Hypatia of Alexandria
Hypatia was a Greek astronomer, philosopher and mathematician who lived in Egypt, then part
of the Eastern Roman Empire. Although heralded by Pandrosion, another Alexandrine female
mathematician, she is the first female mathematician whose life is reasonably well recorded.
With an estimated IQ of 170-190, she was brutally murdered by a group of Christian fanatics
after being accused of witchcraft.
Gottfried Leibniz
Gottfried Wilhelm Leibniz was a renowned German polymath and one of the most significant
logicians, mathematicians and natural philosophers of the Enlightenment and is best known for
inventing calculus. In philosophy, Leibniz is most illustrious for his optimism – his conclusion that
our universe is, in a limited sense, the best possible one that God could have created. Leibniz’s
IQ estimates range from 182 to 205.
Andrew Wiles
Sir Andrew John Wiles is an English mathematician and a Royal Society Research Professor at
the University of Oxford, specialized in number theory. In 1995, Wiles verified a 358-year-old
mathematical theory called Fermat’s Last Theorem, which until then was registered in the
Guinness Book of World Records as the “most difficult math problem” in the world. He was
appointed Knight Commander of the Order of the British Empire in 2000. Sir Andrew Wiles is
said to have an IQ of 170.
Emanuel Swedenborg
Emanuel Swedenborg was a Swedish theologian, scientist, philosopher and mystic. He is best
known for his book on the afterlife, Heaven and Hell. In 1741 he began to experience dreams
and visions which concluded in a “spiritual arising” in which he received a revelation that he was
appointed by Jesus Christ to write The Heavenly Doctrine to reform Christianity.
Christopher Hirata
Christopher Hirata is an American cosmologist and astrophysicist who was hired by NASA at the
age of 16 to do some research on the colonization of Mars. Christopher was only 13 when this
child prodigy won the gold medal in 1996 at the International Physics Olympiad. He also received
his PhD under the supervision of Uroš Seljak in 2005 from Princeton University in Astrophysics.
Kim Ung-Yong
Kim Ung-Yong is a South Korean professor and former child prodigy said to hold the highest IQ
score (210) according to the Guinness World Records. At the age of one, Kim had learned both
the Korean alphabet and 1,000 Chinese characters by studying the Thousand Character Classic,
a 6th-century Chinese poem. At three years old, he began to solve calculus problems. At 5, Kim
had acquired astonishing linguistic skills and could speak Korean, English, French, German and
Japanese.
Ainan Cawley
Ainan Celeste Cawley is a Singaporean boy prodigy who, according to his parents, had said his
first word when he was two weeks old, could walk at six months of age and build difficult
sentences by his first birthday. Cawley gave his first public speech at the age of six and at seven
years and one month of age, he had passed the GCSE chemistry and studied chemistry at the
Singapore Polytechnic a year later. At the age of 9, he was able to recite pi to 518 decimal places
and could remember the periodic table.
Christopher Langan
Christopher Michael Langan is an American autodidact who is considered an intellectual prodigy.

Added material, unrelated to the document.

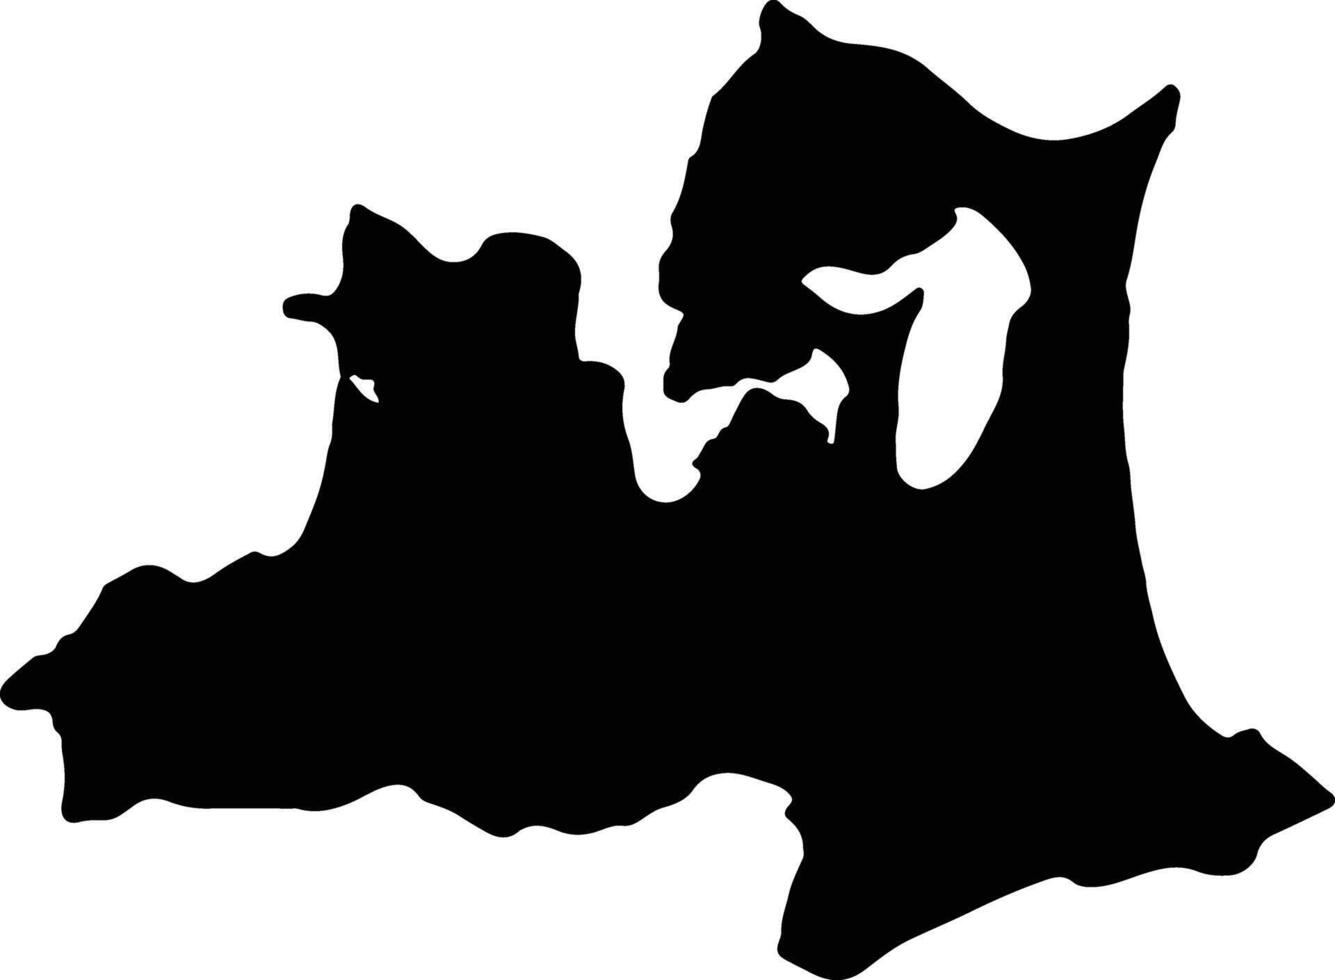 aomori Giappone silhouette carta geografica vettore

ABC’s 20/20 estimated that Langan’s IQ is anywhere between 195 and 210 dubbing him what
most journalists consider as the smartest man in America. Growing up, Christopher Langan
quickly showed above-average skills: he could speak at six months of age, read by his third
birthday and even question the existence of God by age five. He obtained a perfect score on his
SAT, despite having fallen asleep during the test. He is an avid learner, regardless of the subject,
and can study math, languages and philosophy for long periods of time each day.